20. The pyrolysis apparatus according to claim 19, characterized in that, A raw material and / or dilution steam preheater (T) is provided on the heat exchange medium pipeline between the first quench cooler (K) and the air preheater (S); and / or A waste heat recovery heat exchanger (U) is provided on the heat exchange medium pipeline between the raw material and / or dilution steam preheater (T) and the air preheater (S); and / or A waste heat recovery heat exchanger (U) is installed on the heat exchange medium pipeline between the air preheater (S) and the third quencher (O).

21. The pyrolysis apparatus according to any one of claims 16-20, characterized in that, The discharge end of the steam drum (N) is connected to the feed end of the high-pressure steam superheating section i (G). The discharge end of the high-pressure steam superheating section i (G) is connected to the feed end of the high-pressure steam superheating section ii (H) through a pipeline equipped with a desuperheater (J). The feed end of the desuperheater (J) is connected to the high-pressure boiler feed water pipe. The discharge end of the high-pressure steam superheating section ii (H) is equipped with a high-pressure steam discharge pipe.

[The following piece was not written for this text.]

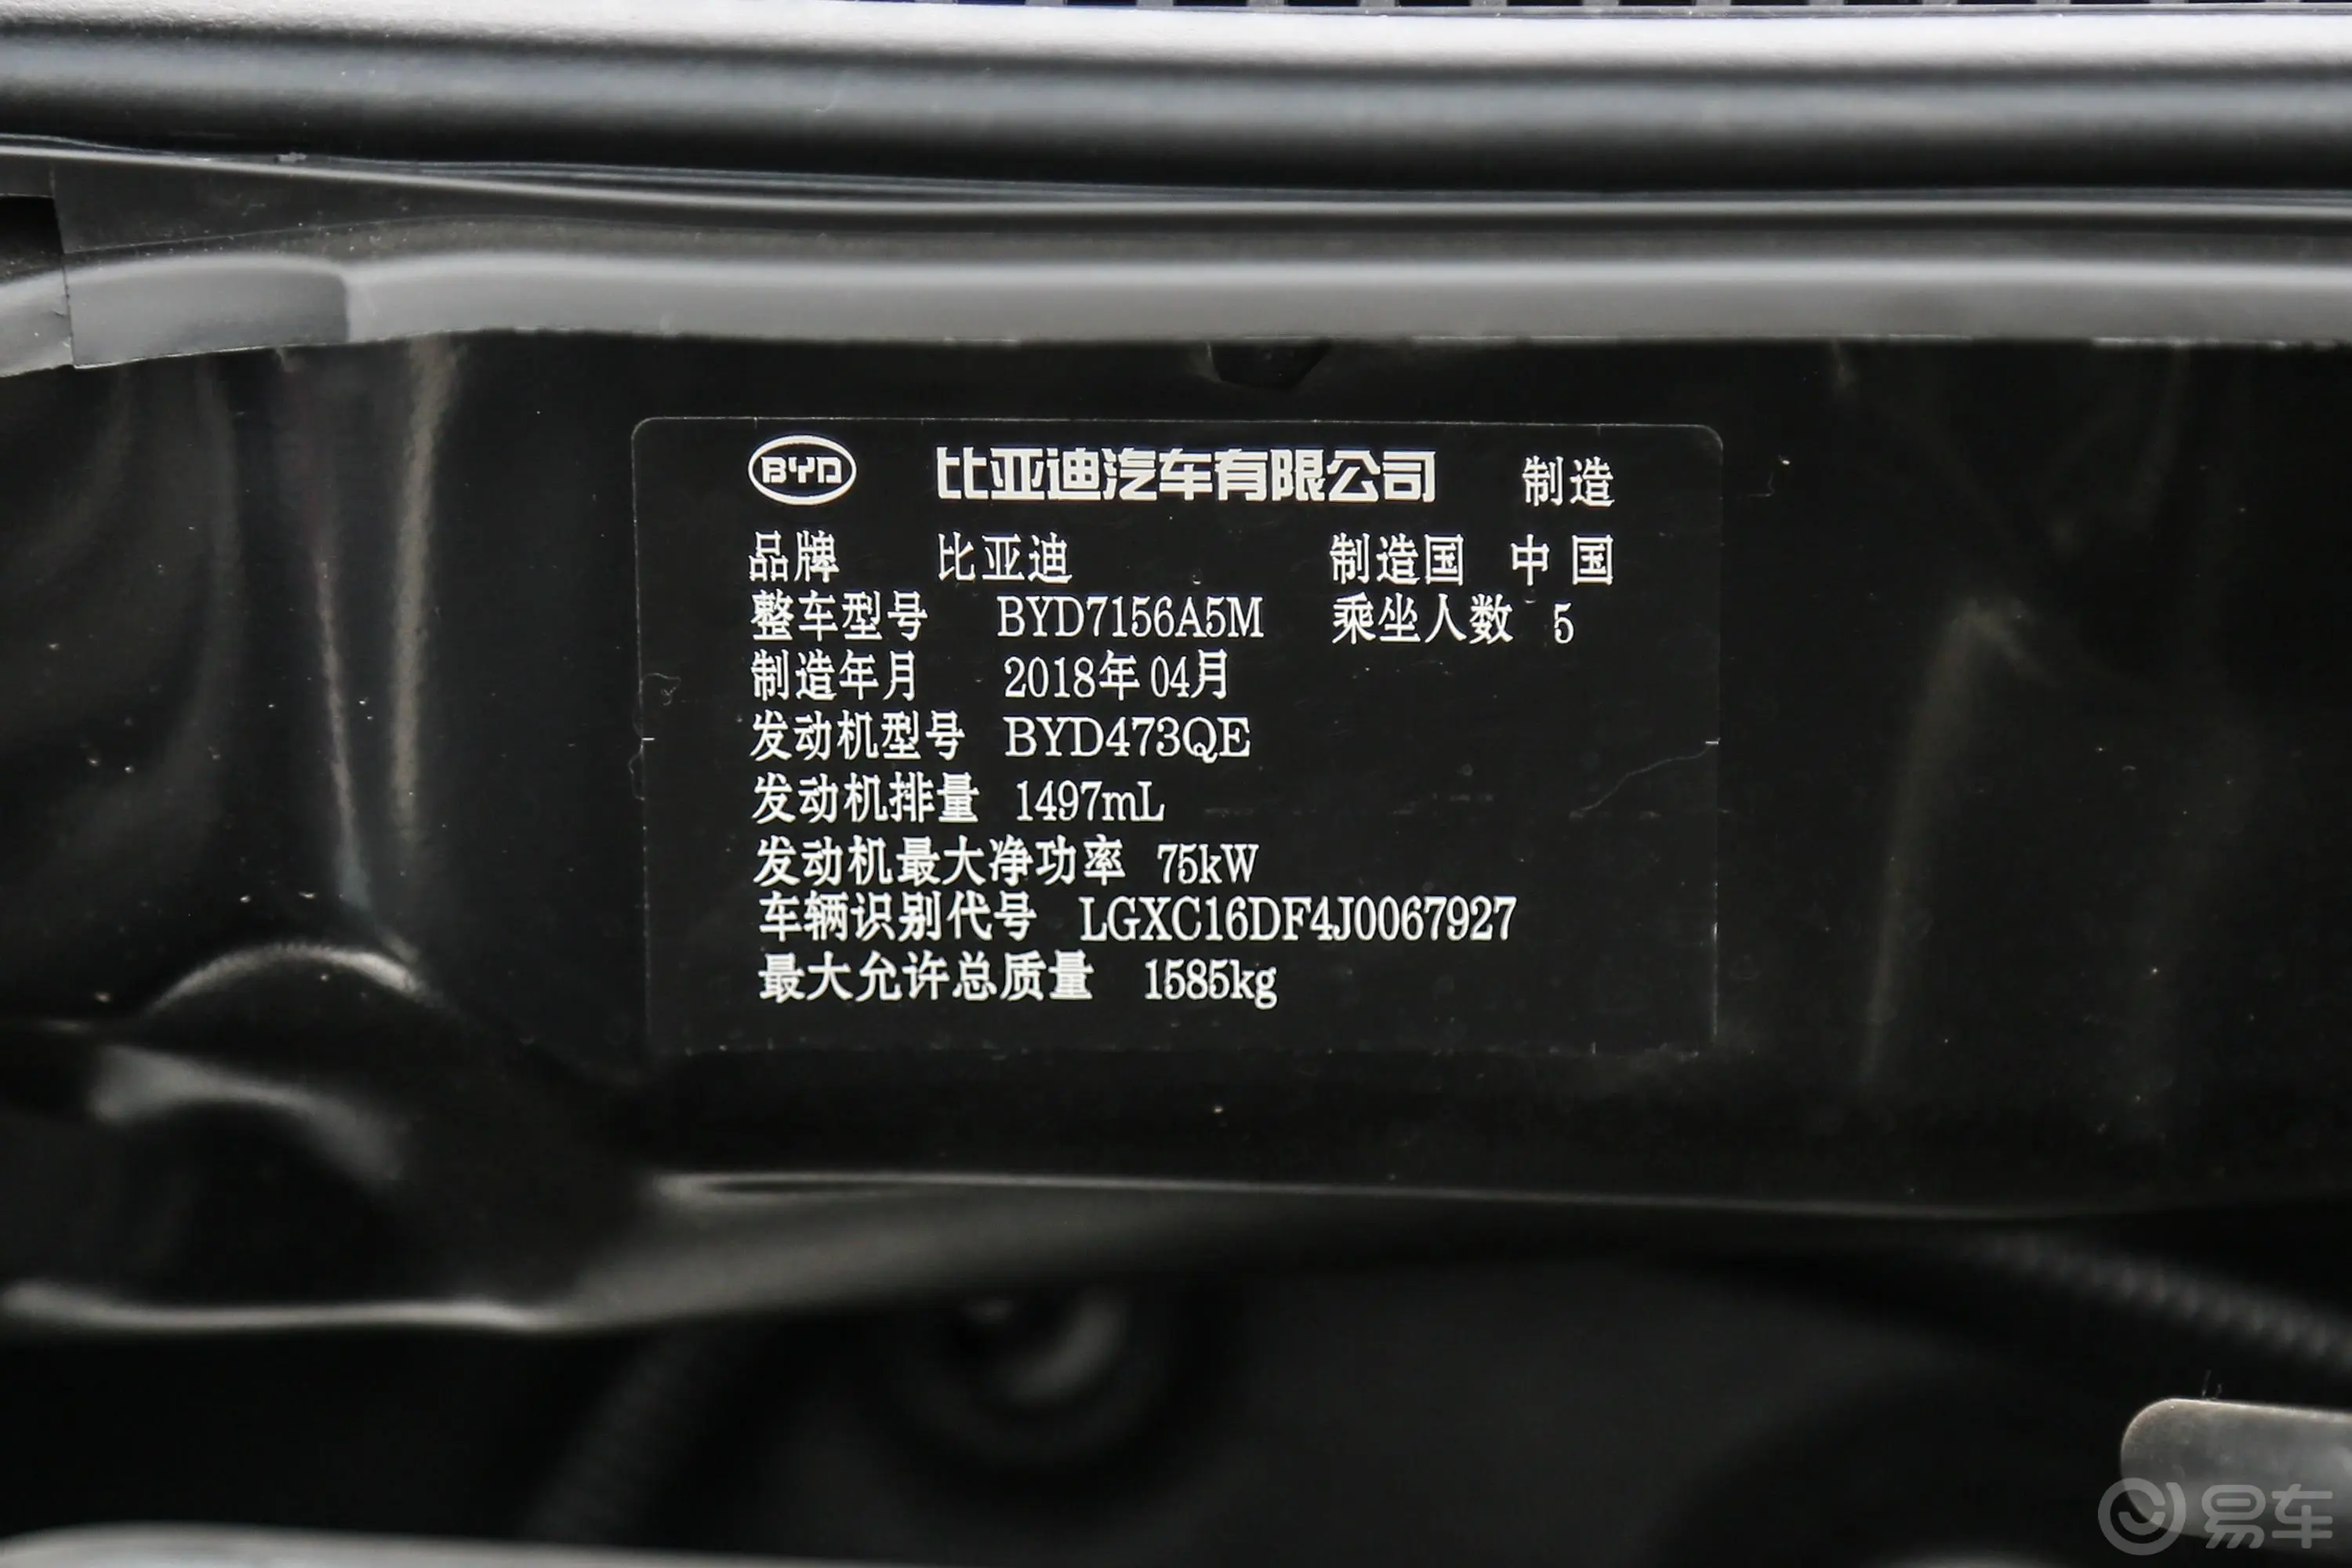 比亚迪F31.5L 手动 精英版车辆信息铭牌

22. The pyrolysis apparatus according to claim 14, characterized in that, The first quench cooler (K) is connected to the air preheater (S) via a heat exchange medium pipeline; The third quencher (O) is connected to the air preheater (S) via a heat exchange medium pipeline.

23. The pyrolysis apparatus according to claim 22, characterized in that, A raw material and / or dilution steam preheater (T) is provided on the heat exchange medium pipeline between the first quench cooler (K) and the air preheater (S); and / or A waste heat recovery heat exchanger (U) is provided on the heat exchange medium pipeline between the raw material and / or dilution steam preheater (T) and the air preheater (S); and / or A waste heat recovery heat exchanger (U) is installed on the heat exchange medium pipeline between the air preheater (S) and the third quencher (O).